Errors in simple memory and cognitive tests can predict a person's risk of developing Alzheimer's disease up to 18 years before it can be properly diagnosed, researchers in the US report.
In a study of over 2,000 participants, a team from Rush University Medical Centre in Chicago found that those who got the lowest scores in the tests over an 18-year period were almost 10 times more likely to be diagnosed with Alzheimer's disease than people with higher scores. They say that by focussing on the very subtle changes in brain function that occur several decades before Alzheimer's symptoms show up, we could figure out how to better treat, or even prevent, this devastating disease.
The team worked with 2,125 European-American and African-American volunteers living in Chicago with an average age of 73. None of them had been diagnosed with Alzheimer's disease when they were selected for the study.

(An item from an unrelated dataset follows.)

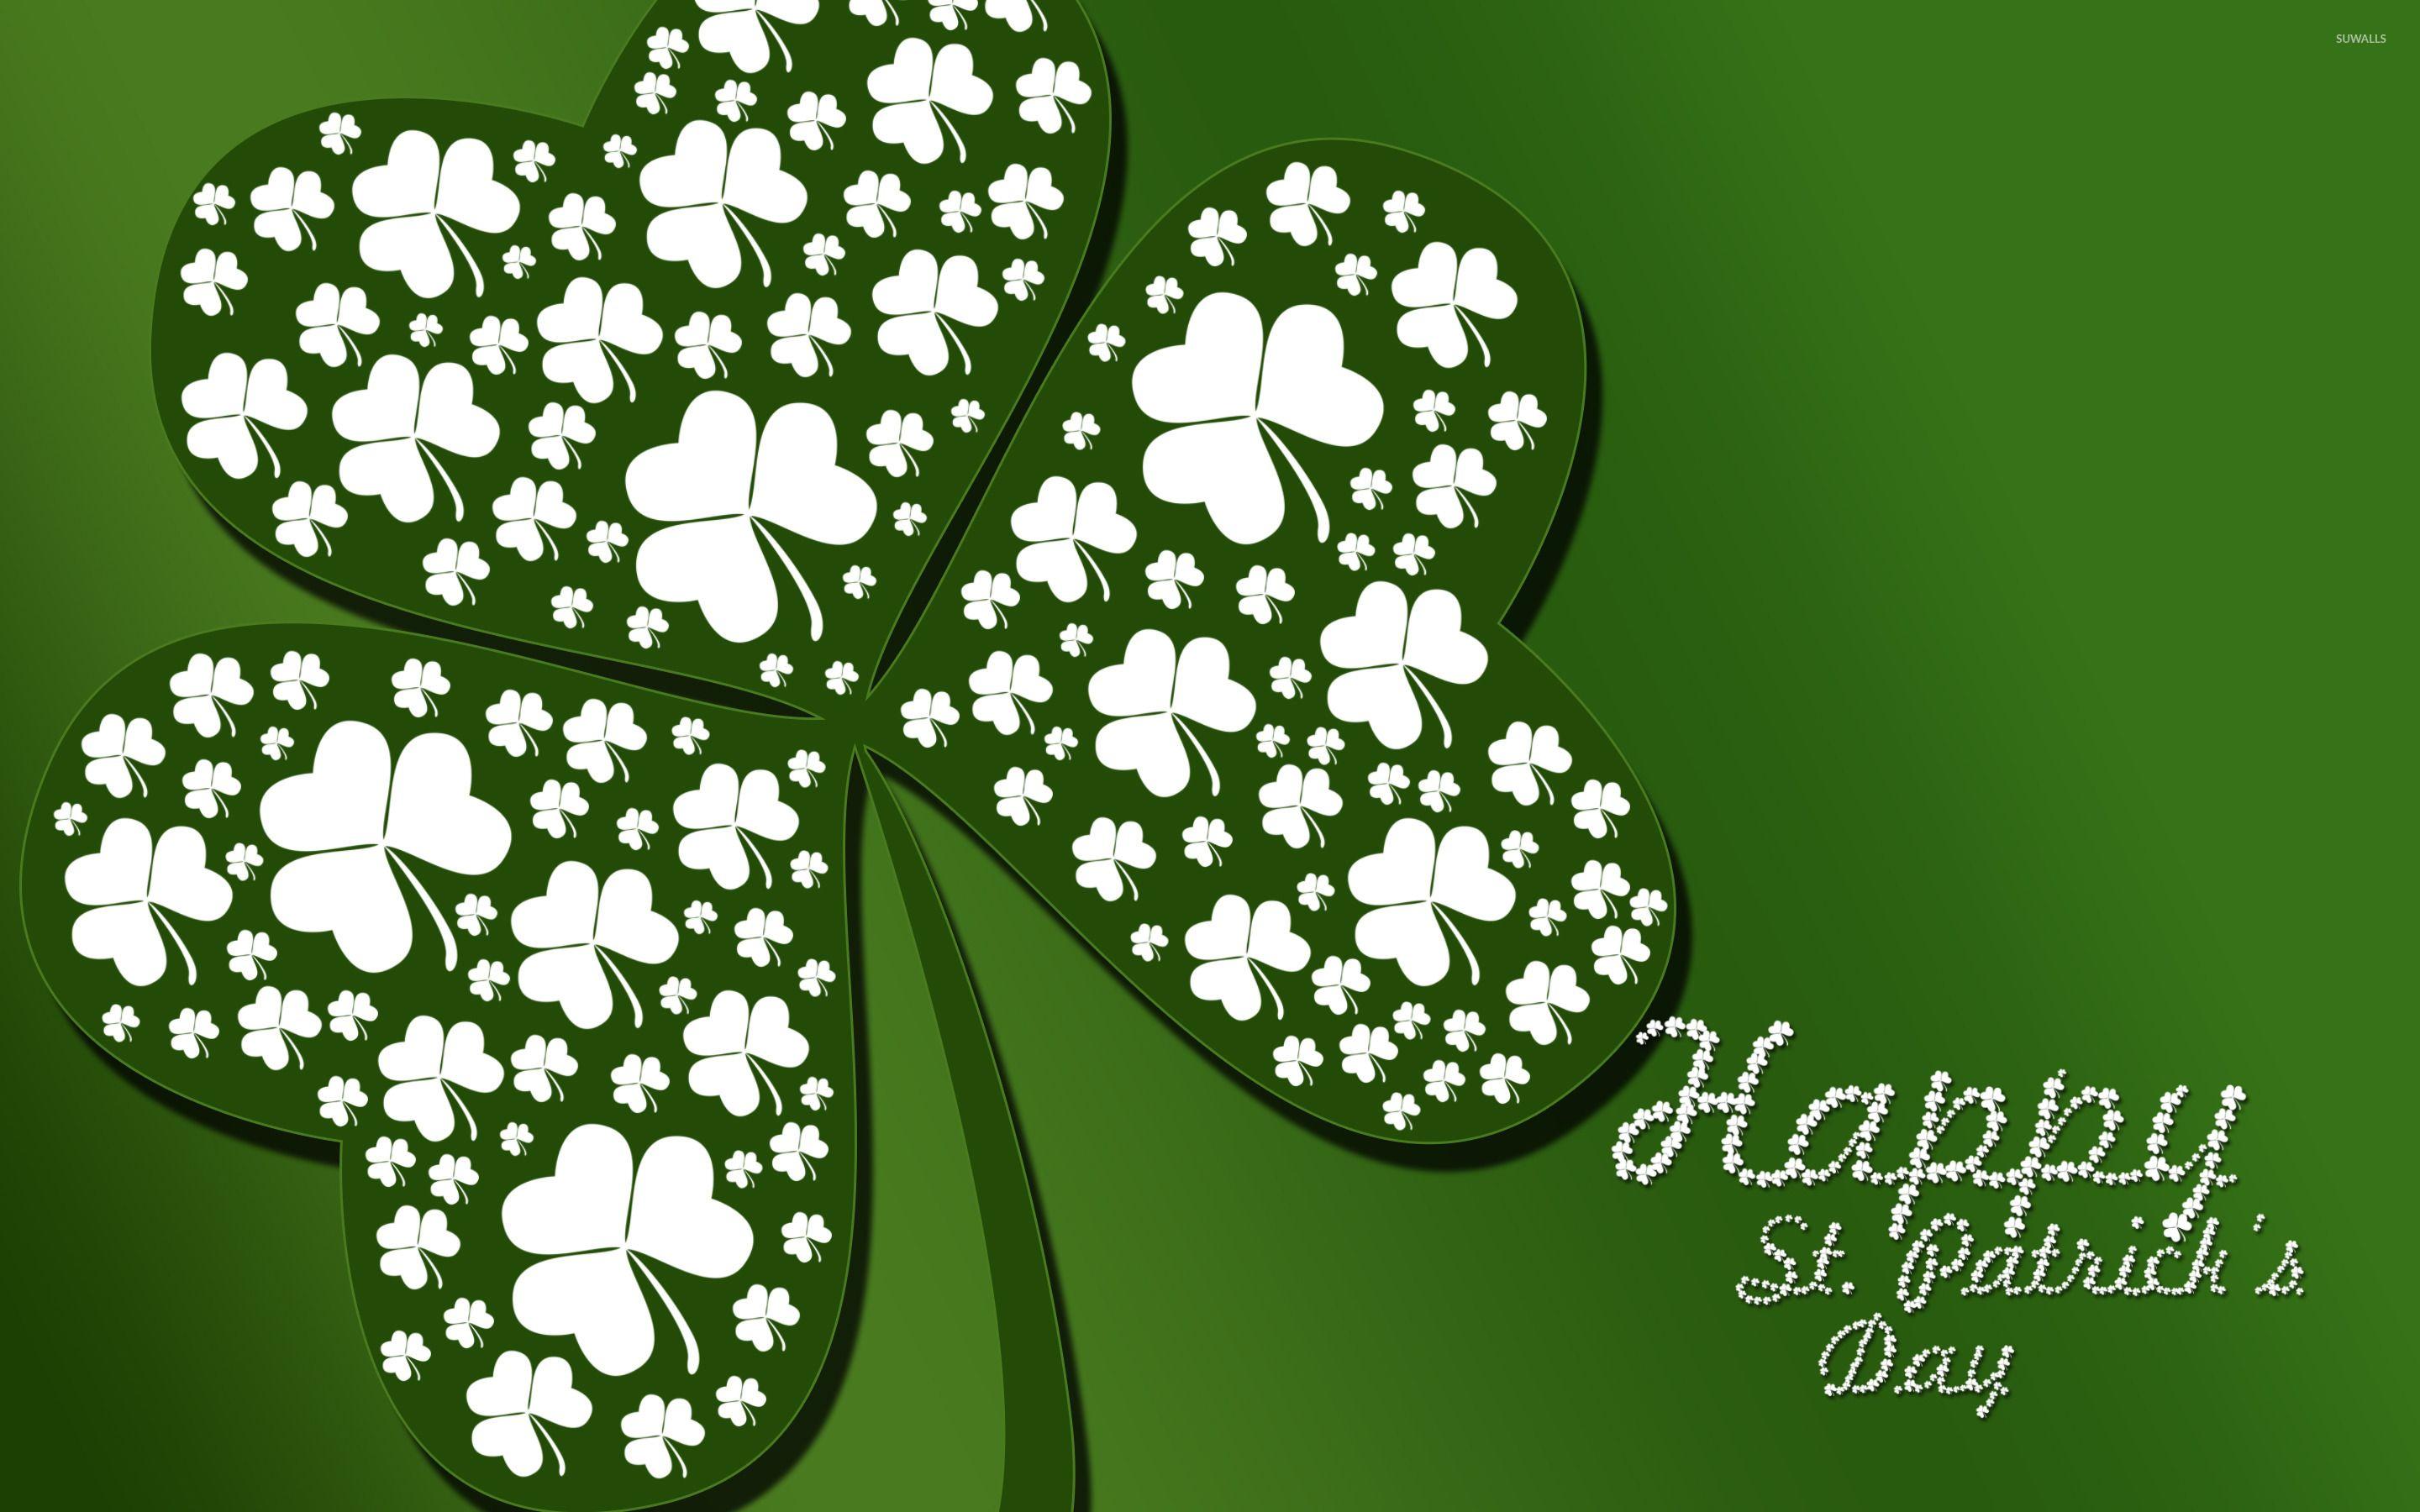 Tìm kiếm những bức tranh nền Lá fhéile Pádraig đẹp để chào đón Ngày của Thánh Patrick! Những hình ảnh này sẽ mang đến cho bạn cảm giác vui tươi, hân hoan và thật sự vui mừng. Hãy tìm kiếm ngay để có thể tải xuống và sử dụng trên điện thoại hoặc máy tính của bạn.

The participants were given exercises that tested both their memory and cognitive skills every three years over an 18-year period.
During the course of the study, 23 percent of the African-American participants and 17 percent of European-American participants - so 21 percent of the participants overall - ended up developing Alzheimer's disease. When the researchers looked back at their test scores, they found that those on the high and low end of the spectrum could be used to predict a participant's risk of developing Alzheimer's in the future.
According to the paper, which has been published in the journal Neurology, during the first year of the study - 18 years before any of them were diagnosed - those who scored lower overall in the two types of tests were 9.84 times more likely to be diagnosed with Alzheimer's disease than those with higher scores. These odds increased by 10 for every standard deviation that the score was lower than the average throughout the years that followed.
"The most telling period of the study was for memory and thinking tests completed between 13 and 18 years before the research ended," David DiSalvo reports for Forbes Magazine. "Every single unit of lower performance on the test (a unit being a standard drop below the average score) was associated with an 85 percent greater risk of developing the disease."
Right now, it's not clear why there appears to be a correlation between low test scores and the onset of Alzheimer's disease. The researchers say the changes are so subtle, they would not have been able to detect them by taking brain scans of individual participants and tracking functional and structural changes over the next few decades of their life. The most effective way of figuring out what these changes are, or at least coming up with ways of detecting them, is to continue working with large groups of people and figure out what distinguishes those who do end up being diagnosed with the disease from those who don't, one of the researchers, Kumar B. Rajan, said in a press release. Then maybe we can come up with a standardised test that can identify at-risk groups for whatever preventative treatments might be developed in the future.
"A general current concept is that in development of Alzheimer's disease, certain physical and biological changes precede memory and thinking impairment. If this is so, then these underlying processes may have a very long duration," says Rajan. "Efforts to successfully prevent the disease may well require a better understanding of these processes near middle age."